The rest is history - ongoing - but history, nonetheless. We have a track record for the first four years of the program of persisting, adapting, and overcoming to stick to our plan of doubling each year. Two years from now, in 2012, an RWVA instructor will shake the hand of the 100,000th Appleseeder! Four years later, if human effort has anything to do with it, an RWVA instructor will shake the hand of the 1,000,000th Appleseeder.

There's not much else to say about Fred. Sure, he is an NRA-certified instructor in several shooting disciplines, and he's gone thru the CMP Master Instructor course. Yes, he's served in an NRA state association as an officer. None of the details are important, because nothing much was happening - just "business as usual". When the ship is sinking, you need more than that.

Yes, it's true he admits to being a dumb person most of his life, try as he might to learn at every opportunity. Somehow, he didn't hit the right mentor, so mostly he's been the typical Doofus americanus - which may be why he's so motivated, as a recovering doofus, to make Appleseed achieve its goal.

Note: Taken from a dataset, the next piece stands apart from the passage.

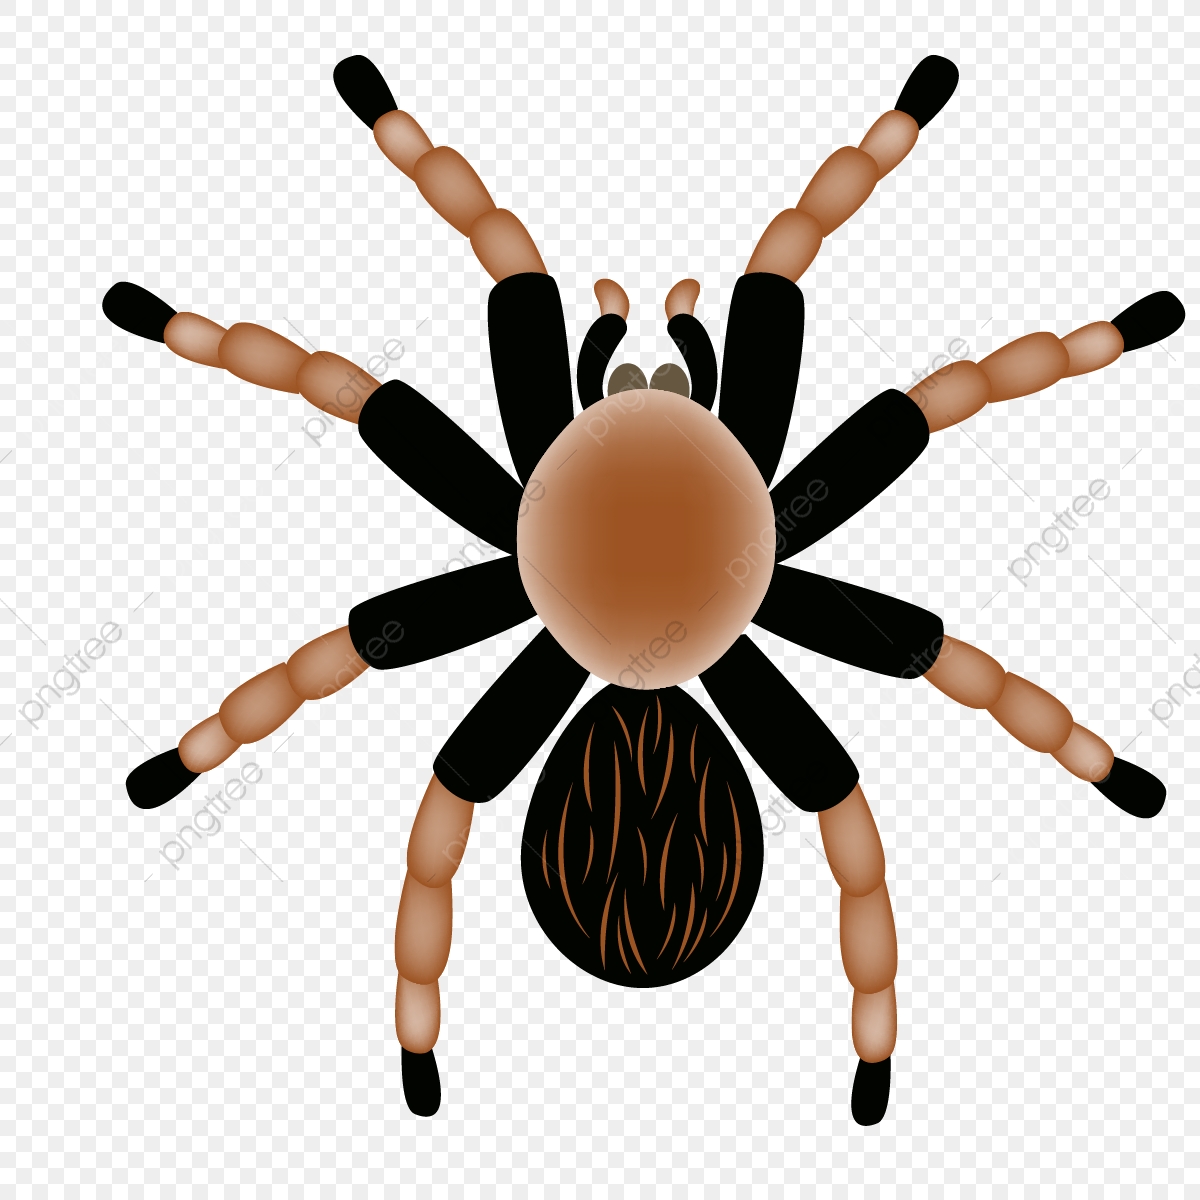 spider clipart tarantula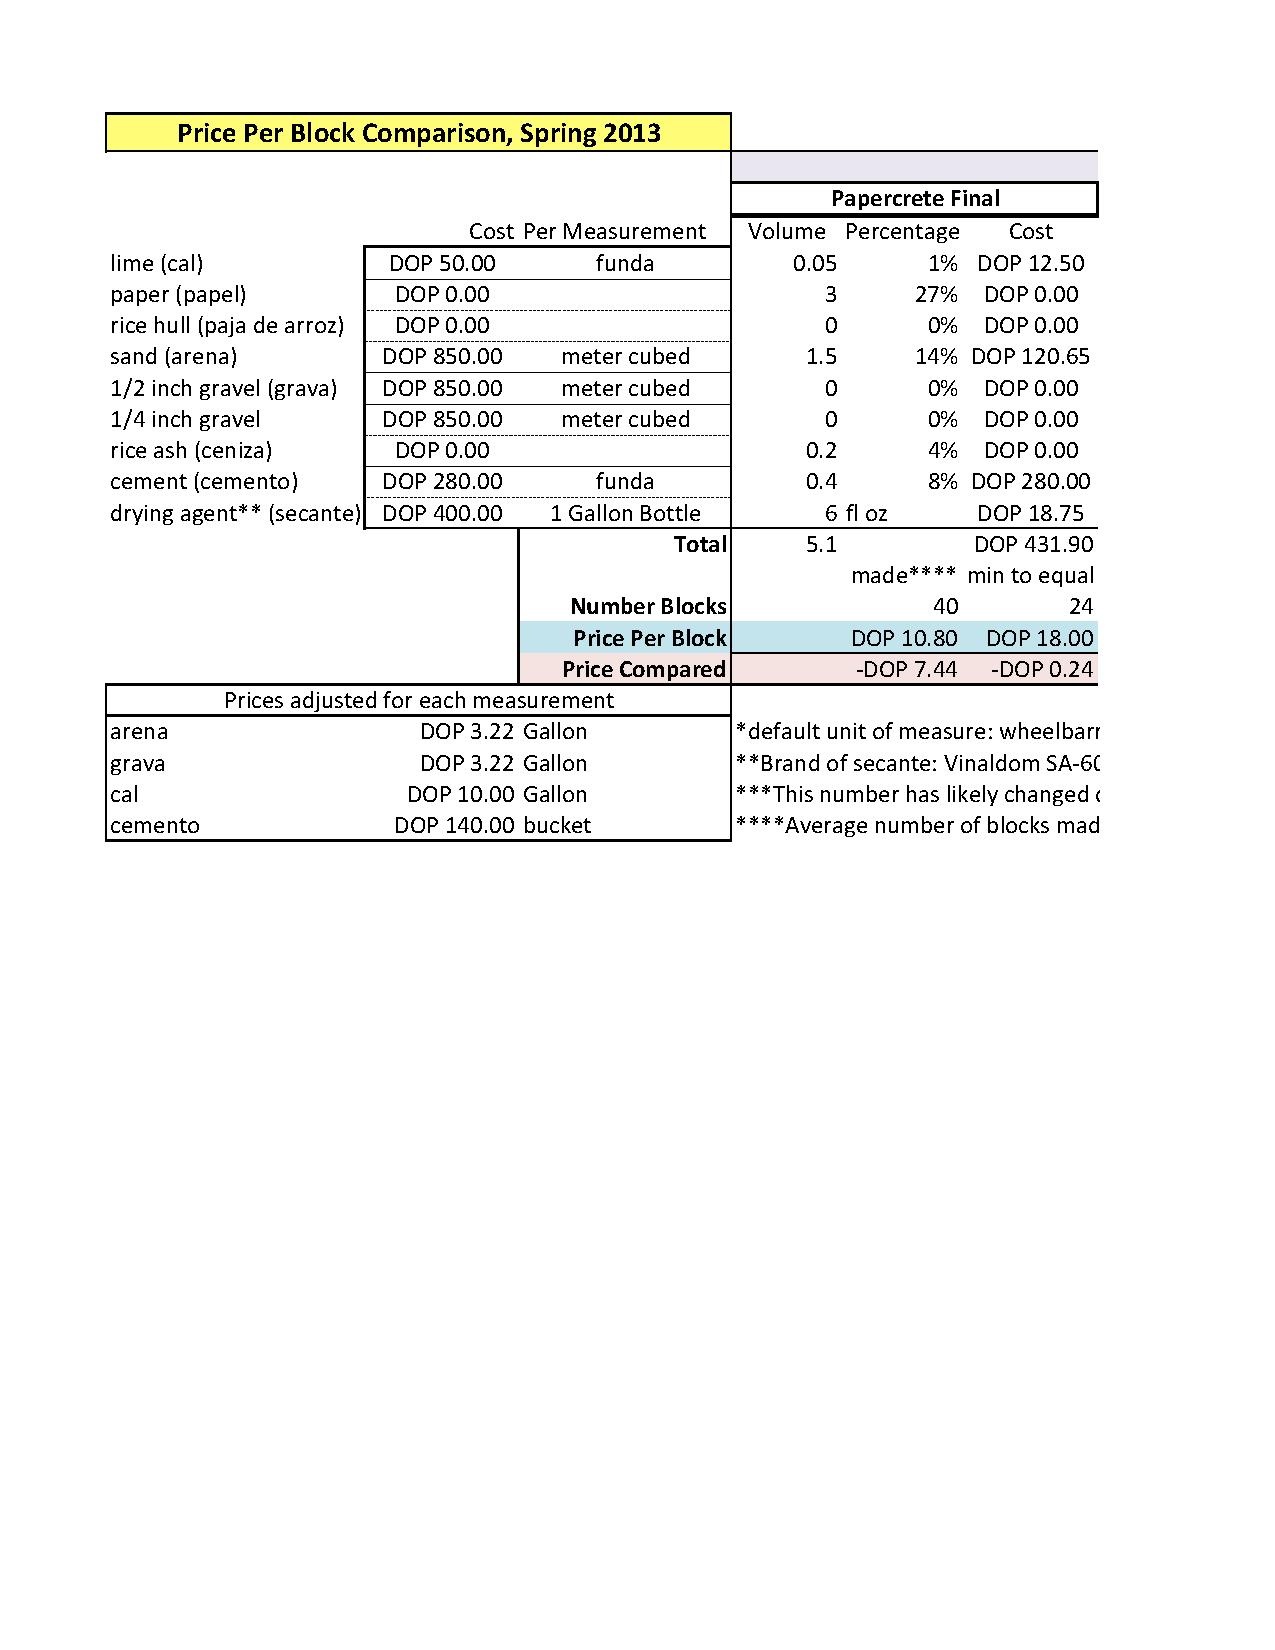 Fibercrete Blocks Price Comparison 2013.pdf

Sure, this bio is light on some personal details - but that's because they aren't important. Nor is Fred particularly important. It's the great Cause, the Mission, which is important. Compared to that, hardly anything else counts. When the ship sinks - if we don't prevent it - we will all be in the water, and it's gonna be mighty cold - and something NOT to look forward to. It's gonna take a LOT of effort, a lot of hours from MANY volunteers. I pretty much fill my time with Appleseed, with some time stolen to ship orders from Fred's M14 Rifle Stocks - but there's never enough time. And sometime in the future, maybe around 2016, when that 1,000,000th person comes thru Appleseed, Fred will begin to retire, and let youngbloods in the program have the joy of seeing 2,000,000 Appleseeders in 2017 (yes, the plan will still be to double each year - man, it really begins to count, only 3 years from now).

The more conventional bio:

*Capt, US Army, retired

*Life Member, NRA

*Civilian Marksmanship Program Master Instructor

*NRA-Certified Instructor in Rifle, Pistol, Shotgun, Black Power, Home Protection

*Camp Perry Highpower Rifle Competitor, 1989 - 1999

*North Carolina .22 Rimfire Pistol IHMSA Champ, 1986

*Secretary, North Carolina Rifle and Pistol Association, 1992-1995 (While Secretary, put out a "TEAMNCRPA" newsletter which won a 'best in nation' award from NRA.)

*President, Riverside Gun Club, 1990-2004 (While Pres, oversaw purchase and development of a 500-yard rifle and pistol range, and RGC was awarded NRA's Meritorious Achievement Club award and the highest NRA club award, "the President's Club", along with NRA's "Most Improved Range" award.)

*Current Secretary/Treasurer of the RWVA since 2004 (and oversaw development of the nationwide "Appleseed Project" with projections of 1000 Appleseeds coast-to-coast in 2010 - and a major contributer to RWVA's blog at rwva.org/blog.)

*Since 1999, a writer of a column in Shotgun News promoting gun rights, marksmanship, and knowledge of the heritage of rifle marksmanship.